_GOAL OF THE EXERCISE:_ Begin at the line below that has "New College Lanarkshire: VEX". Stop after the line that has "Cycling gloves | Trek Bikes", repeating each line exactly and leaving out the pictures.

_DATA LISTING:_
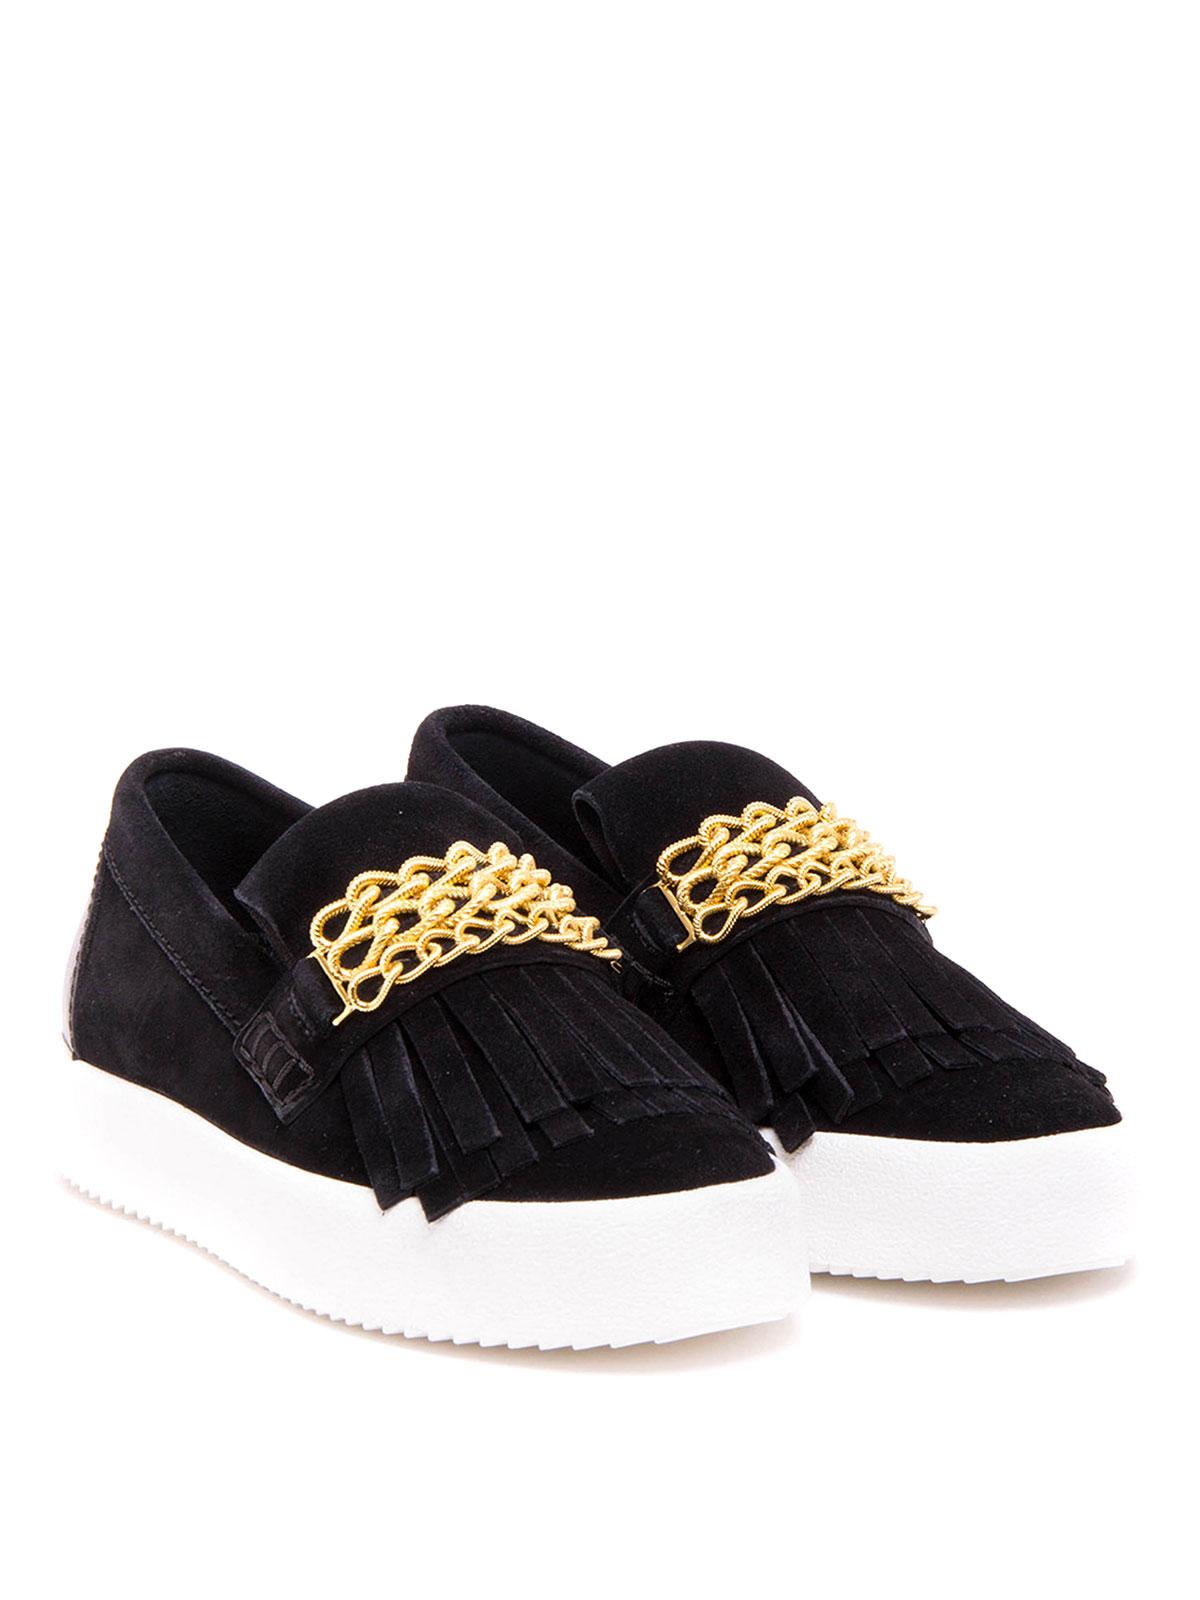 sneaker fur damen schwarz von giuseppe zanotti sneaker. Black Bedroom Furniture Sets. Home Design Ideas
...
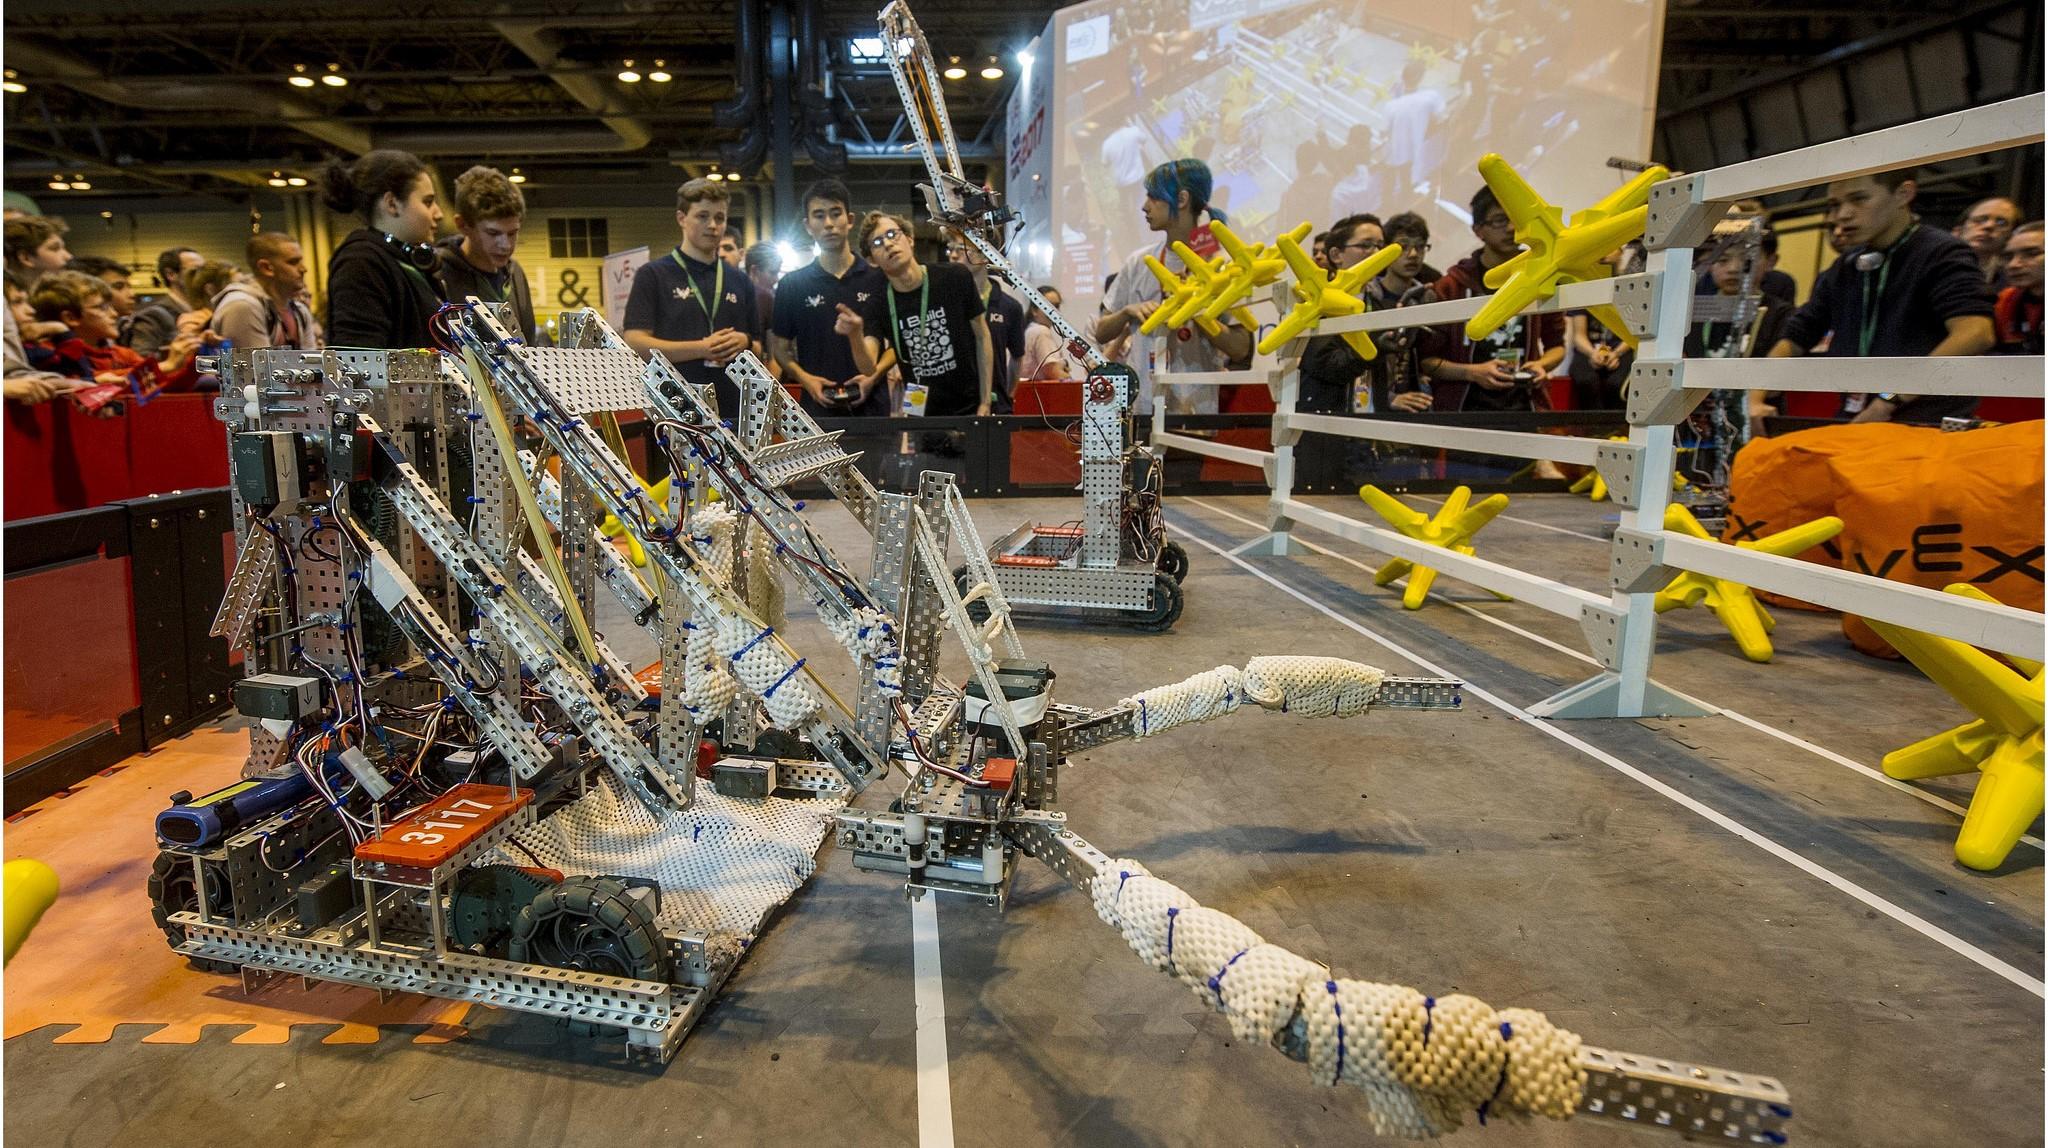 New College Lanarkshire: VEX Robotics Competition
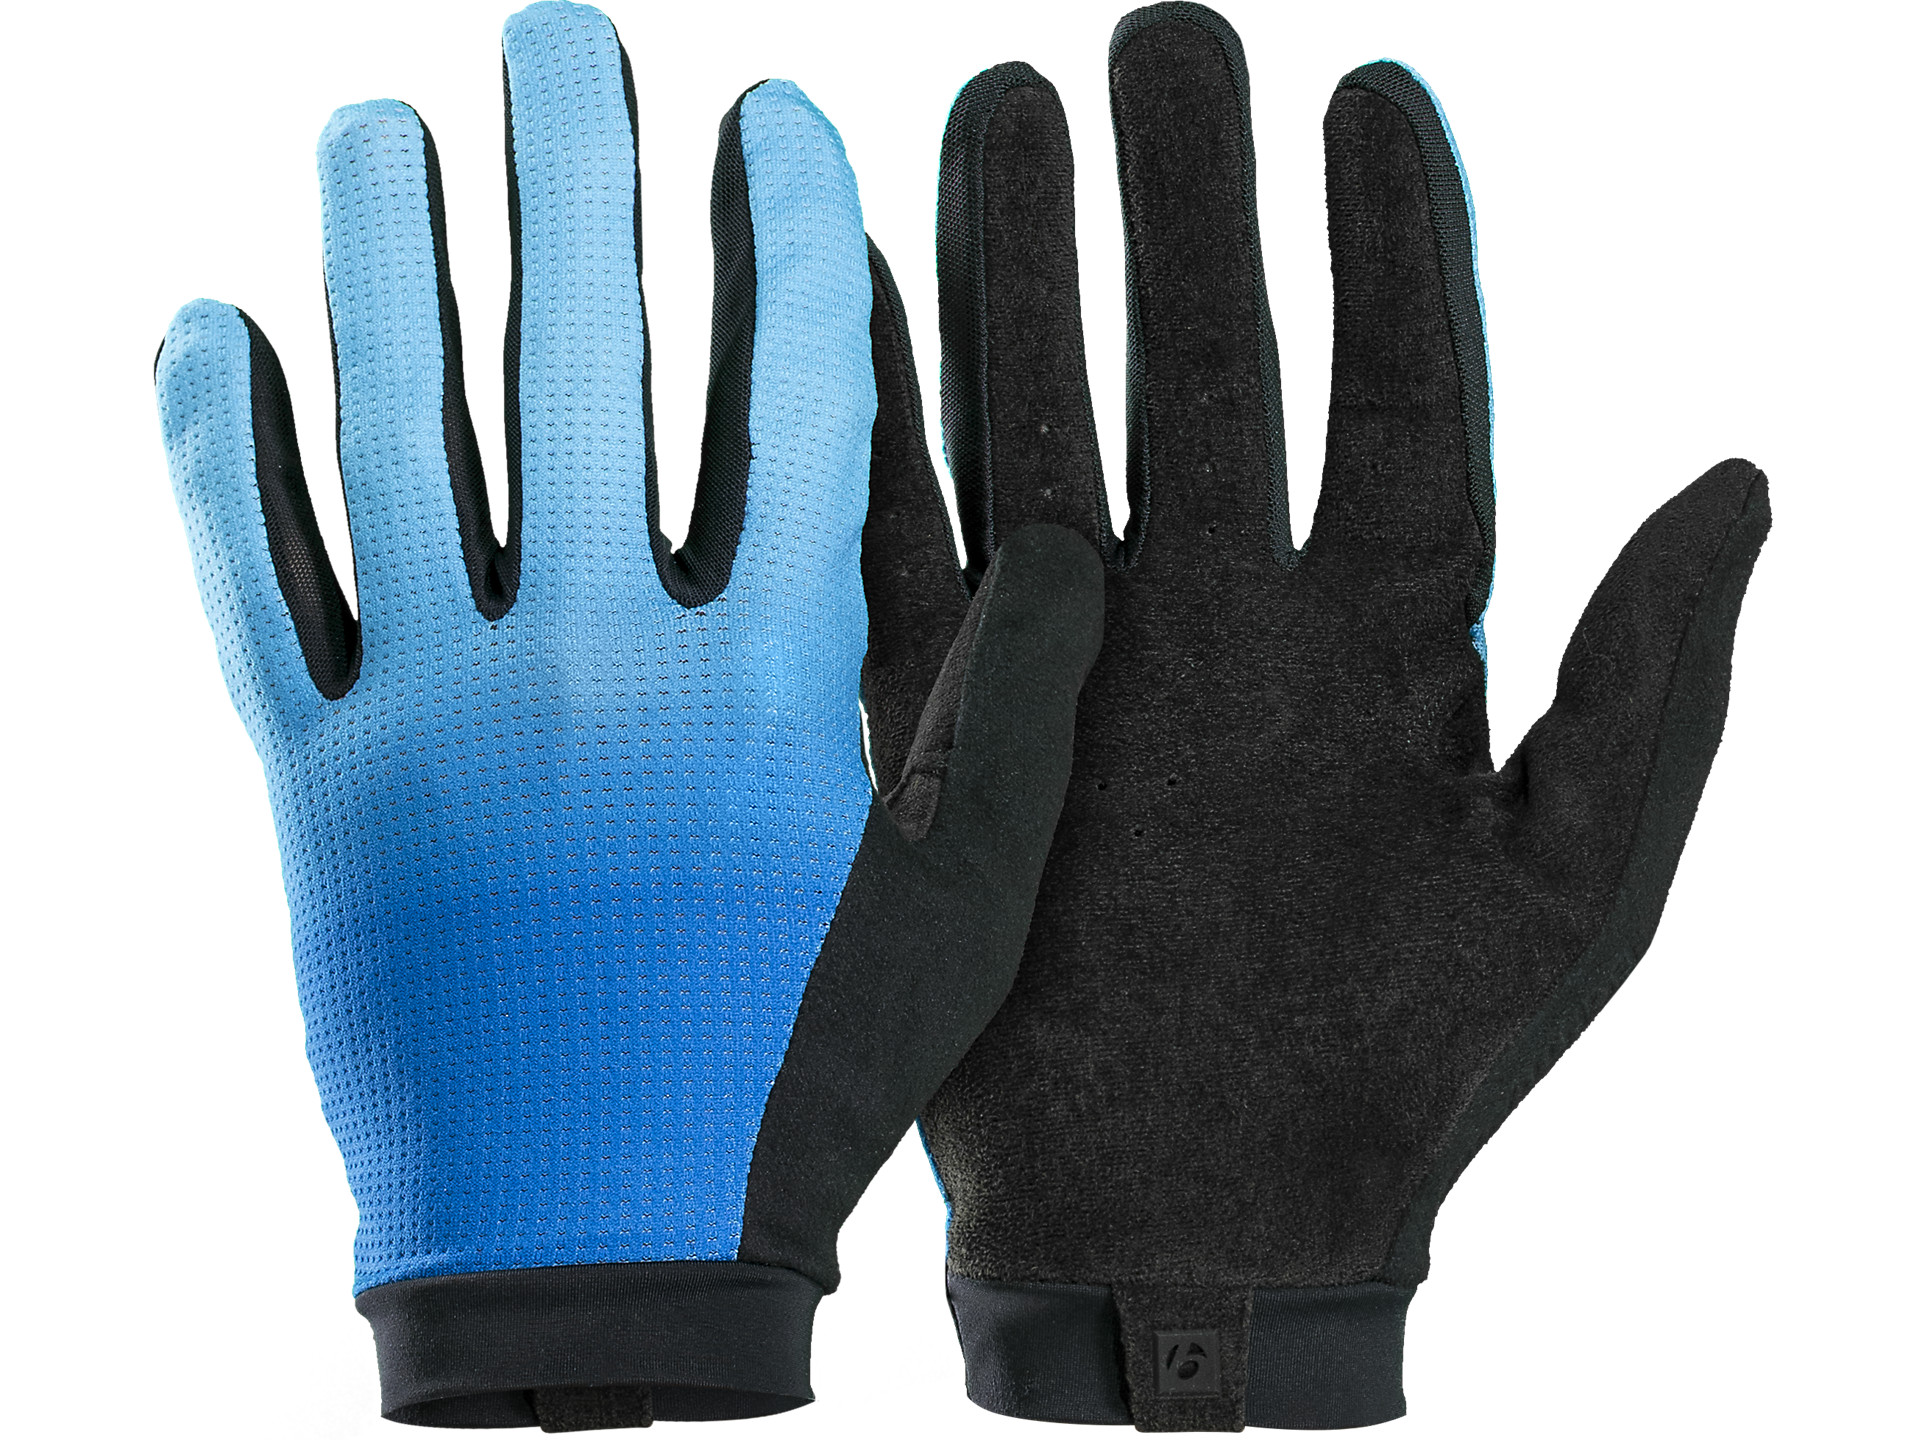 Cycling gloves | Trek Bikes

_EXERCISE RESULT:_
 New College Lanarkshire: VEX Robotics Competition
 Cycling gloves | Trek Bikes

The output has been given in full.